米ナショナルフットボールリーグ(NFL)ペイトリオッツの元選手、アーロン・ヘルナンデスは、これまでに報告されている同年代患者の中で最も重度な慢性外傷性脳症(CTE)を患っており、意思決定、判断、認知に大きな影響を及ぼす損傷が判明した。ボストン大学の研究者が木曜日に発表した。

ボストン大学CTEセンターは、慢性外傷性脳症(CTE)疾患を10年以上研究している。CTEセンター所長のアン・マッキー医師は、「へルナンデスの脳は死亡直後で保存状態が良く、27歳の疾患を調べる貴重な機会である。研究に大きな貢献をしてくれる。」と語った。

ヘルナンデスはペイトリオッツの主力タイトエンド(TE)であった。2013年にオディン・ロイド殺人罪で終身刑の判決を受け、マサチューセッツ刑務所に服役中だったが、今年4月にシーツで首を吊って自殺した。

ヘルナンデスは悪評高い選手であったが、CTEがステージ3(最重症はステージ4)と判明して、スポーツ最大の健康リスクを結びつける診断結果となった。「46歳以下の脳では初めて見る(非常に悪い)進行状態だった」とマッキー医師は述べている。このステージのCTEは、フットボールの脳しんとう問題、即ちプロ選手が早期リタイアを考える、息子たちがアメリカンフットボールを始めてよいか親が迷う、などの課題に新たな指標を与え、懸念を高めるだろう。

CTEセンターはヘルナンデスの年齢の脳の提供を受けることが少ないため、マッキー医師は「彼の脳があれだけの量のアメフトを行った27歳の脳を代表する例であるとは断言できない」と語った。しかし進行したCTEは憂慮すべきことだと述べた。

「この年齢層では彼の脳は最も深刻な症状を示している。」とマッキー医師は語った。「若い選手たちに疾患の加速があるのかどうか懸念される。選手が以前より攻撃的なプレーをするためか、または若年からプレーを開始しているためかは私たちにはわからない。しかしこの症例を見ると、病変による破壊が若者にあることがわかる。」

マッキー医師は木曜日の会議で、ヘルナンデスの脳とCTEの無い脳サンプルをスライドで比較した。健康な脳サンプルが白色に対し、ヘルナンデスの脳はタウ・タンパク質に関連した黒いスポットや脳の萎縮が見られた。またヘルナンデスの脳は、よい行動の選択や意思決定に影響を与える前頭葉に大きなダメージを受けていた。新しいスライドがプロジェクターで映されると、医師や出席者らが息を飲む場面もあった。
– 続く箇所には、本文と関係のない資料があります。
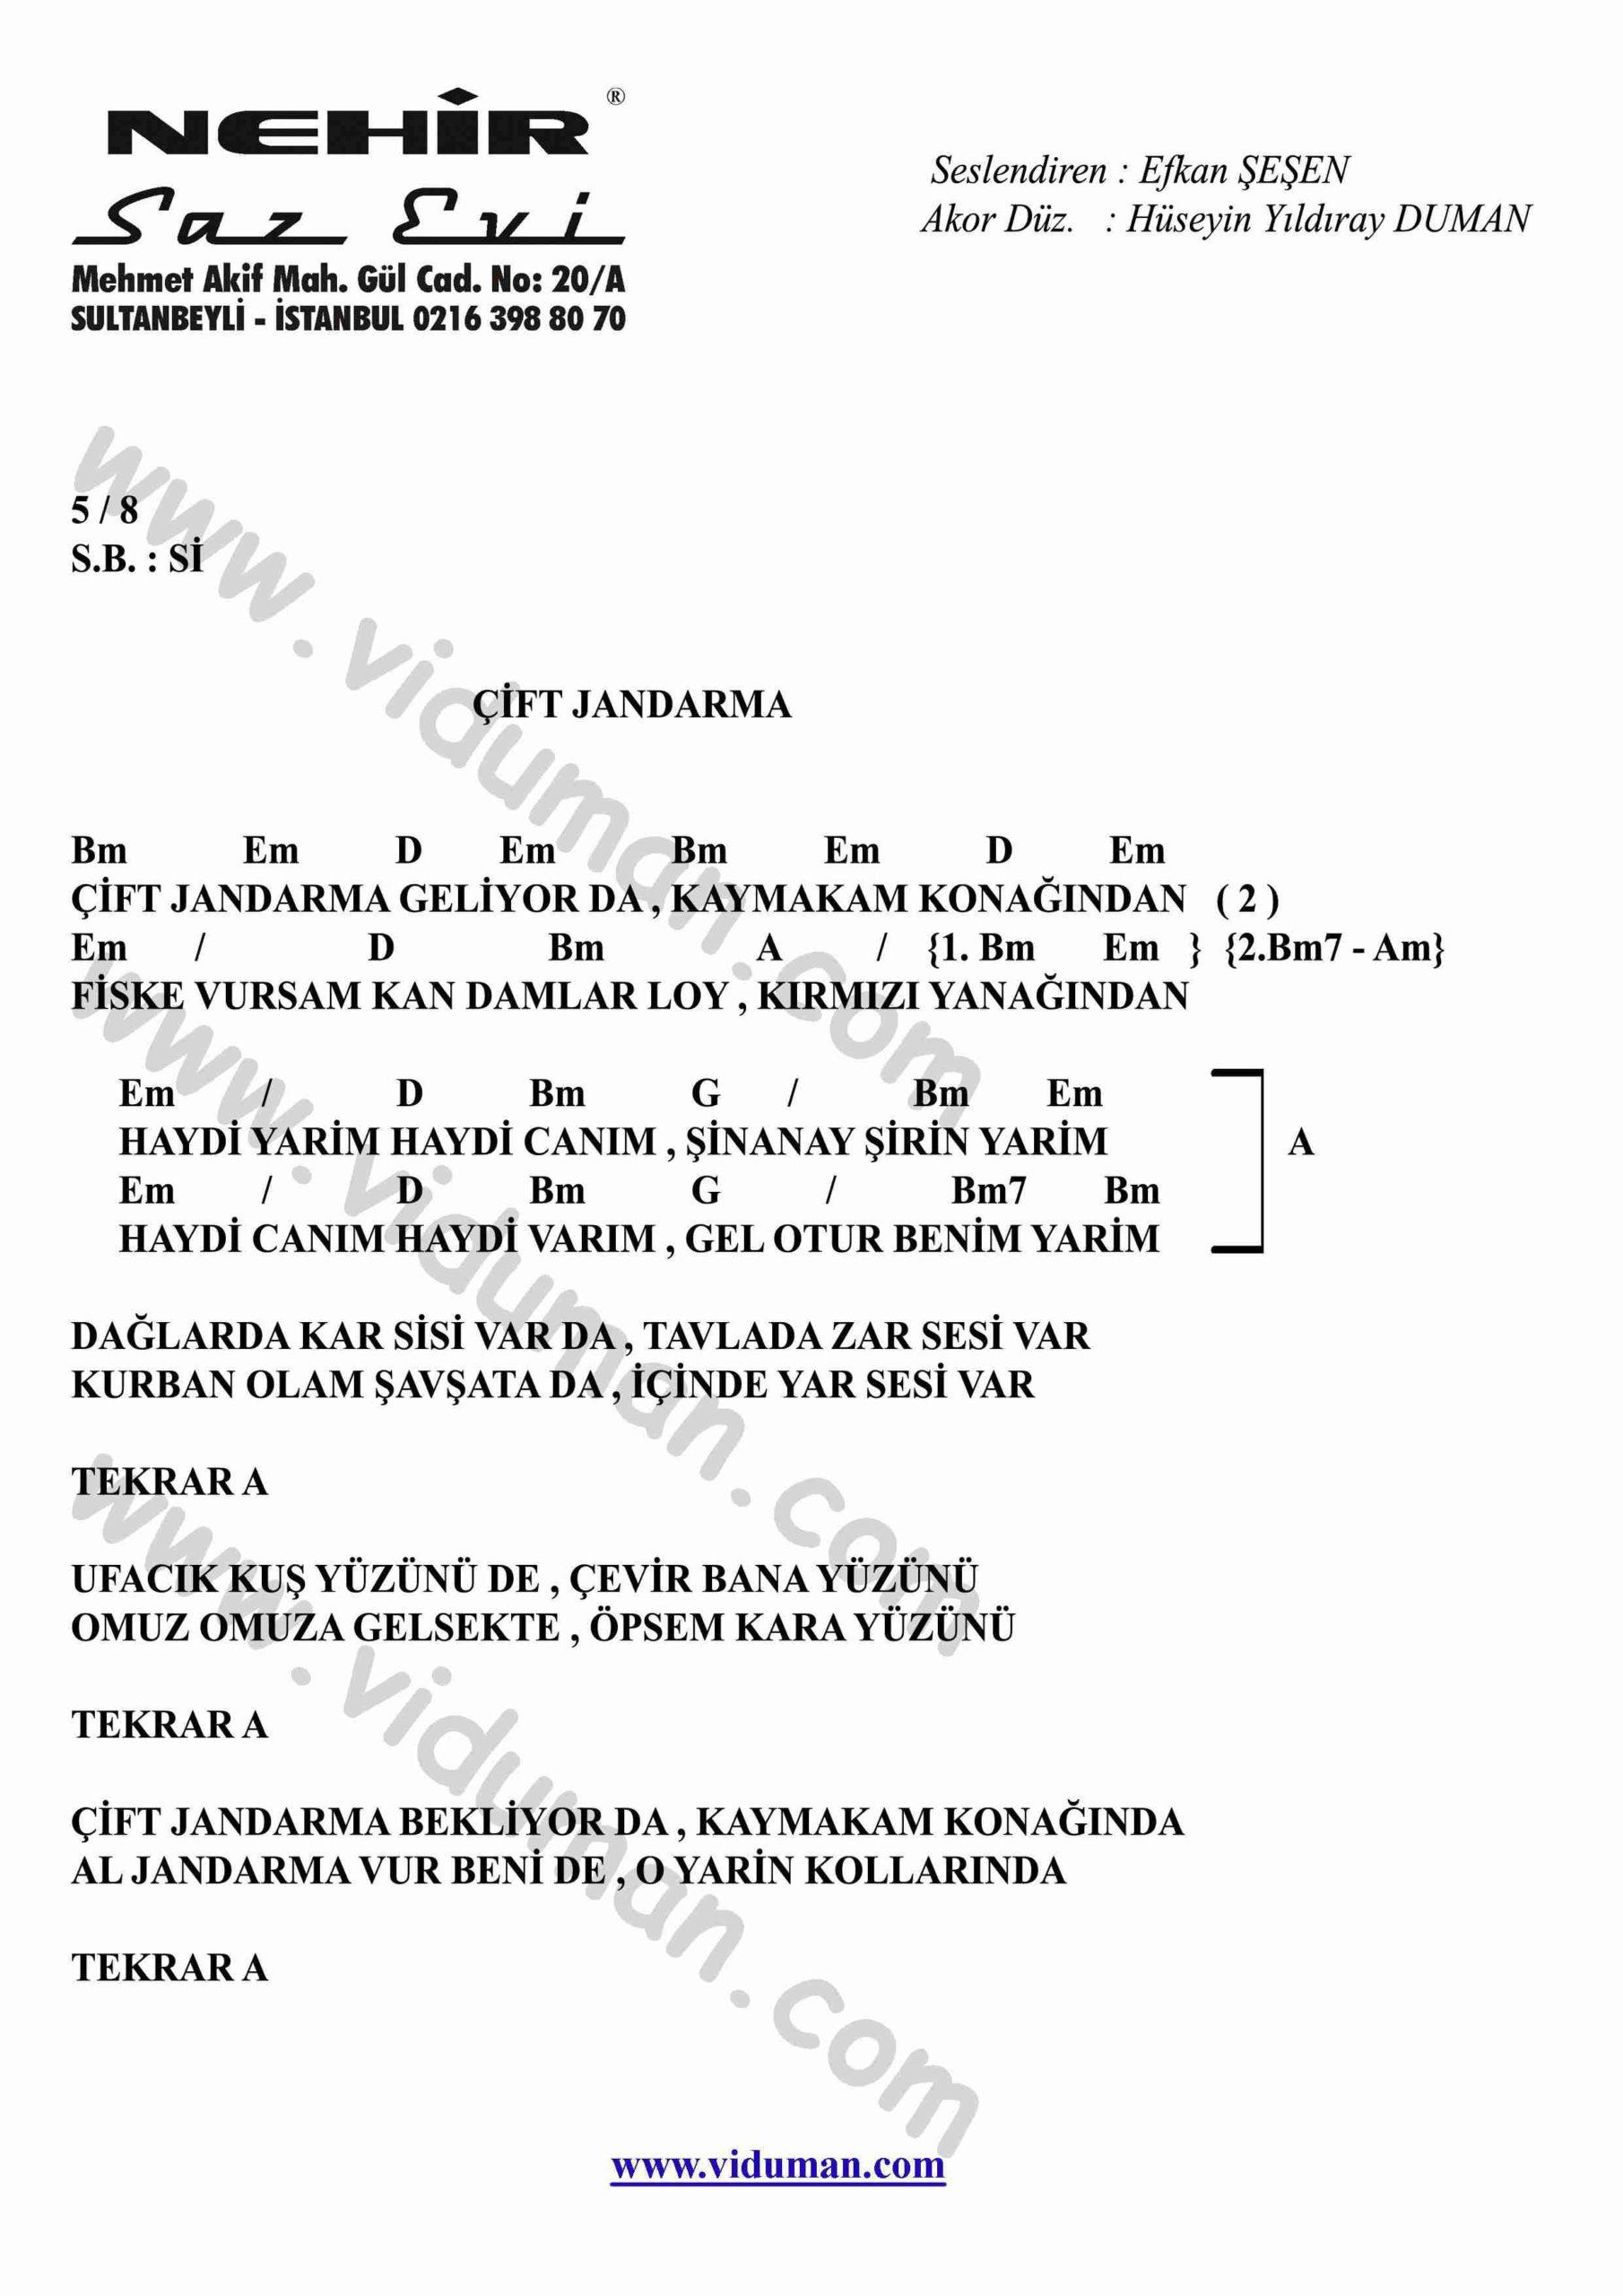 Cift Jandarma-Gitar-Ritim-Akorlari

「病理によって行動を説明することはできない。」とマッキー医師は述べた。「しかし我々の経験では、CTEを発症した人、特にこのステージのCTEである場合、衝動のコントロール、意思決定、また攻撃、感情の移り変わり、怒りなどを制御することが難しくなる。」

ヘルナンデスには特定の脳疾患を発症しやすい遺伝子マーカーがあり、それがCTEの速い進行に影響したかもしれない、とマッキー医師は述べた。

ヘルナンデスの脳は、年齢と検死医の熟達した扱いで良好な状態にあり、CTEの解明や新たな理解に今後つながる可能性がある。例えば、炎症とタウ・タンパクとの相互作用を蛍光染色によって更に研究できるであろう。
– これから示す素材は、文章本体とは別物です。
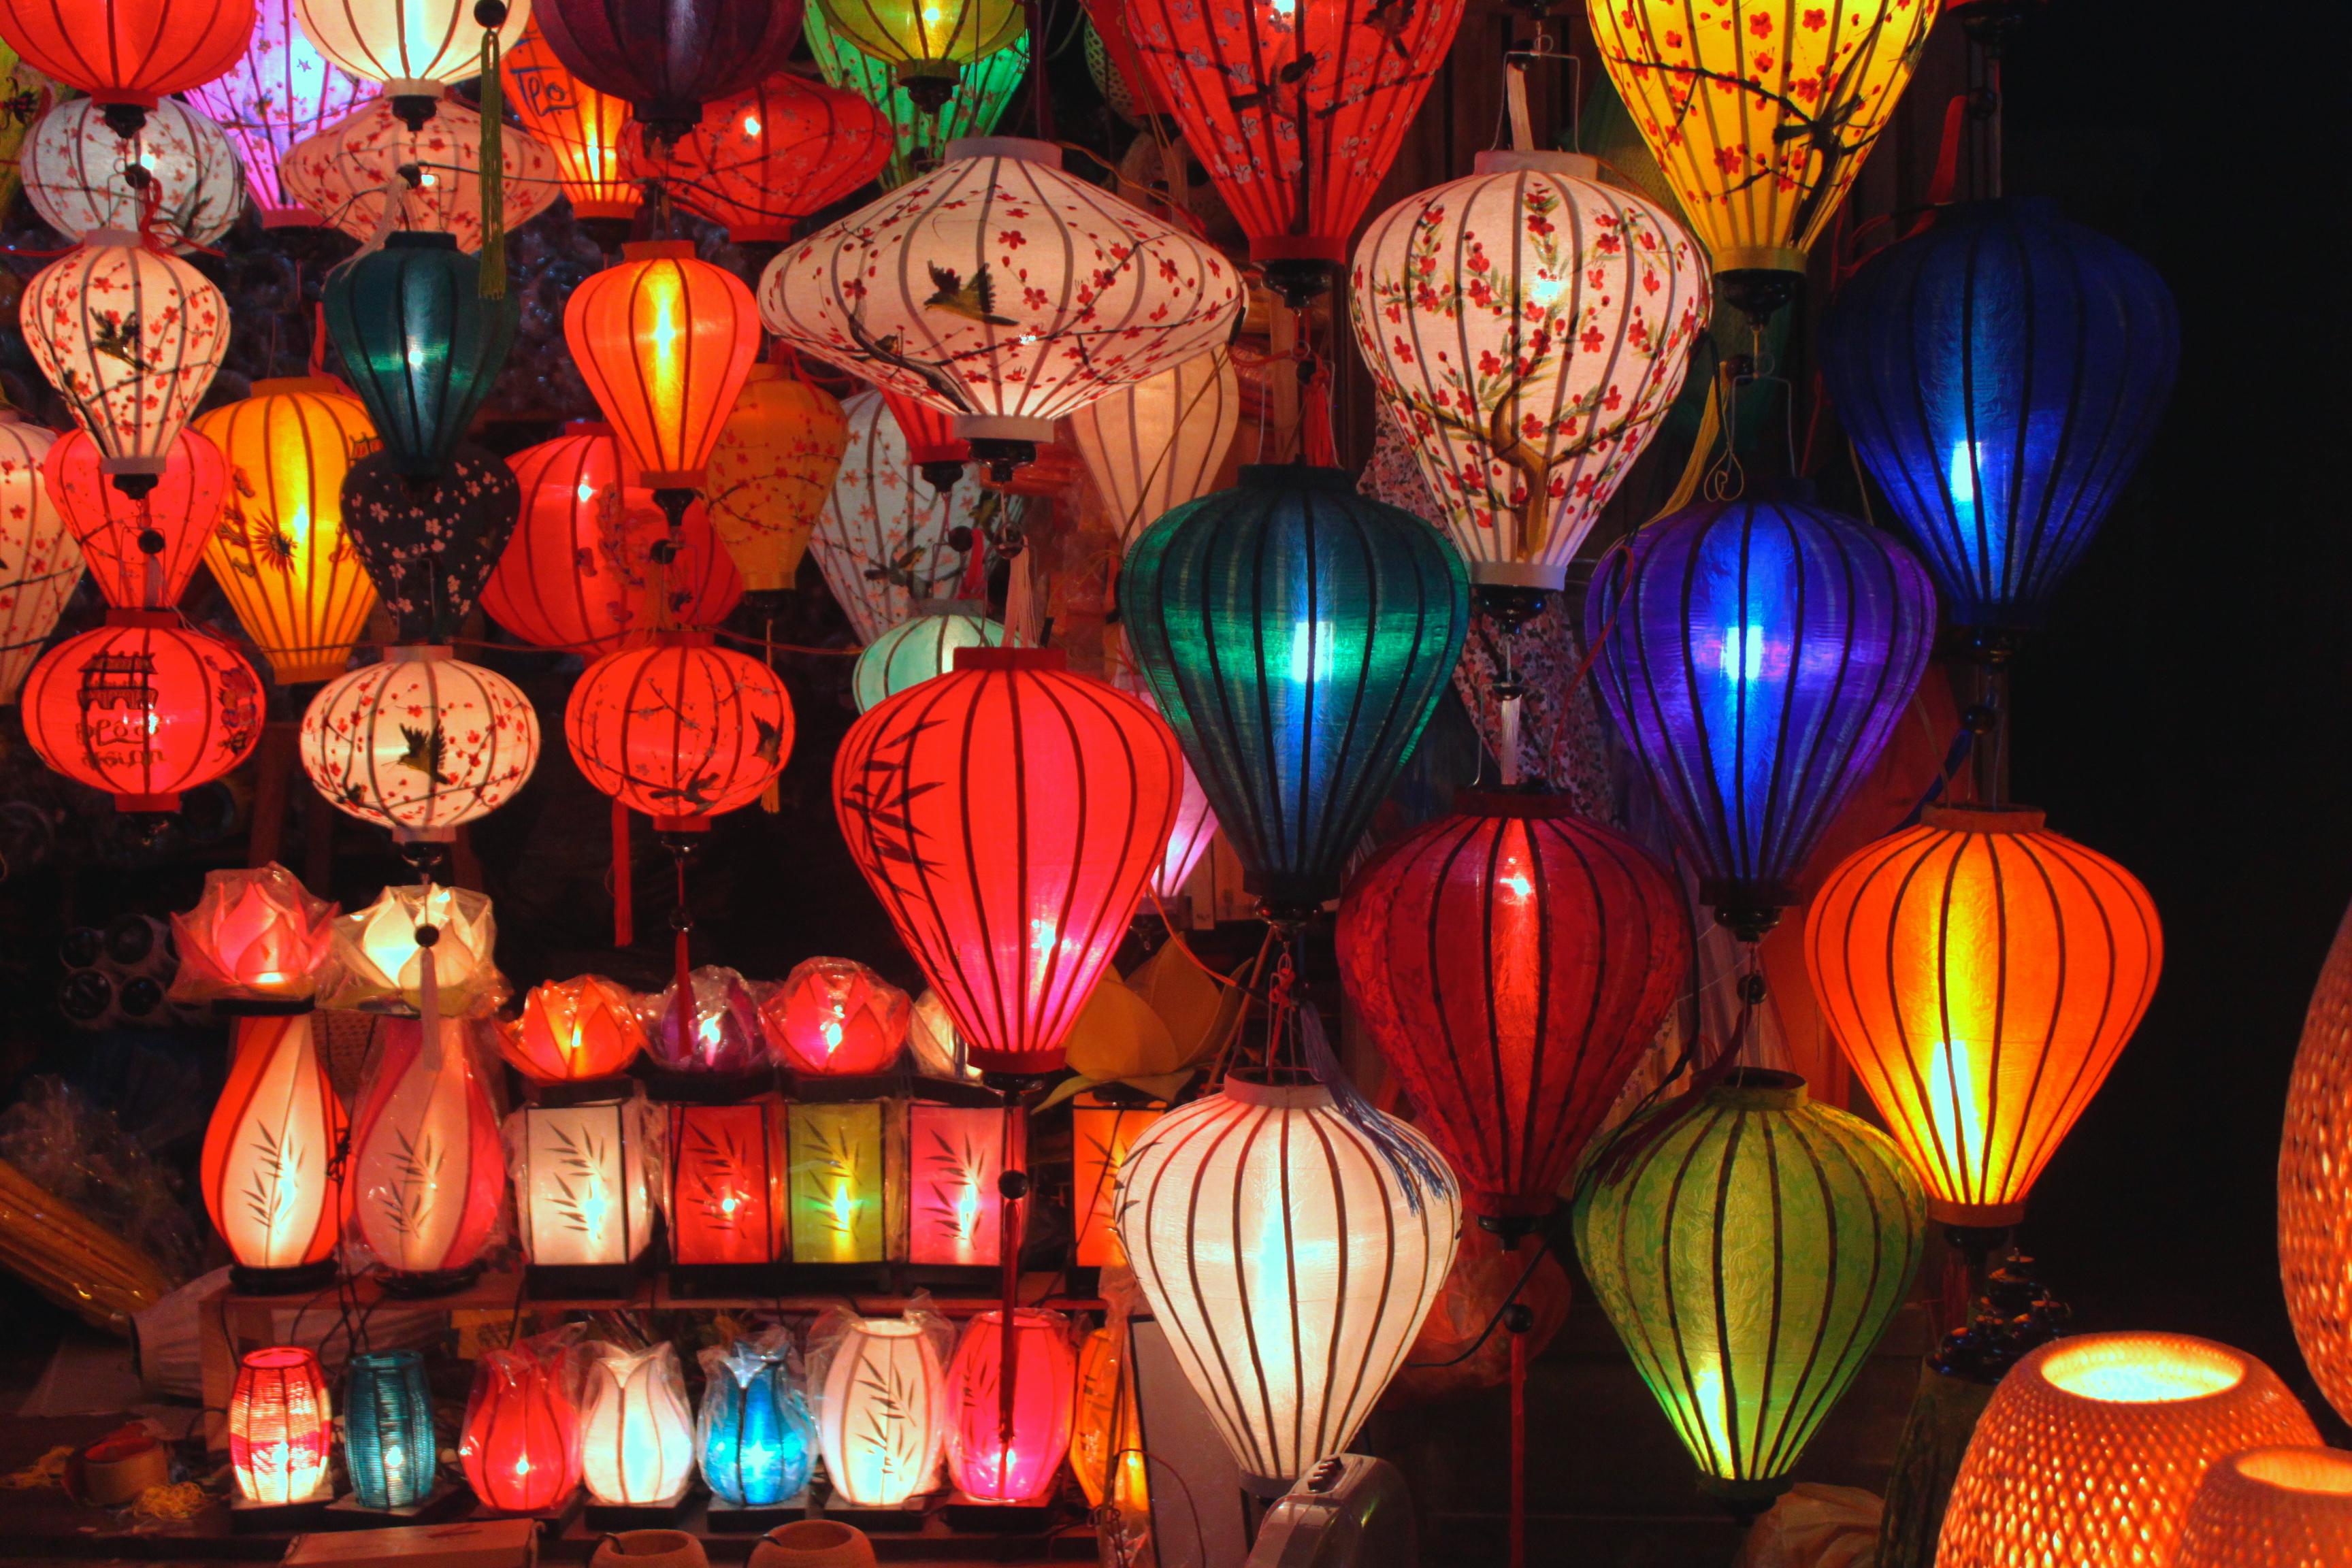 Le lanterne di Hoi An, solo un pezzettino piccolo della bellezza di questa città

「私たちには滅多にない機会であり、この疾患の科学的理解が進む。提供して下さったご家族に心から感謝している。」とマッキー医師は語った。

ボストン大学の研究者達によると、元NFL選手100人以上にCTEの発症が見つかり、そのうち片手で数えられる人数が自殺していた。検死医は4月にヘルナンデスの脳(1573グラム)を大学の研究室に届けた。外観は典型的な脳に見え、病変、打撲、異常はなかっただが脳を切ると驚くべき損傷があった。

脳室は、脳の萎縮により拡張していた。硬いはずの膜は薄くゼリー状になっていて、脳の一部には異常な大きさの穴があった。
記憶に関わる主要な部位である海馬が萎縮していた。やはり記憶に関わるが脳弓が萎縮していた。問題解決、判断、衝撃制御、社会性を担う前頭葉にはタウ・タンパク質の跡があった。感情調節、情動行動、恐怖、不安を生み出す扁桃が大きく変化していた。
視覚と聴覚を処理する側頭葉は大きく損傷していた。

総合すると、「この年齢の人としては非常に異常な所見が見られた」とマッキー医師は述べた。
「このような状態は今まで研究した468体の脳で一度も見たことがない。例外として、20歳ほど年齢が高い人達の脳では見たことがあったが。」

2012年のスーパーボールでトム・ブラッドレーからタッチダウンパスを受けた名選手ヘルナンデスの破局的・悲劇的な破綻に対して、脳内の重大な病変はもう一つ見方を与えることができる。
ヘルナンデスはコネティカット州でアメリカンフットボールのスターとして成長したが、父親が手術中に突然死亡した15歳頃から悪い仲間に入った。進学したフロリダ大学では、ドラッグや暴力などフィールド外でのトラブルが付きまとったが、スター選手であった。このような問題のためNFLドラフトではヘルナンデスを考慮しないチームもあったが、ペイトリオッツが第4巡で指名した。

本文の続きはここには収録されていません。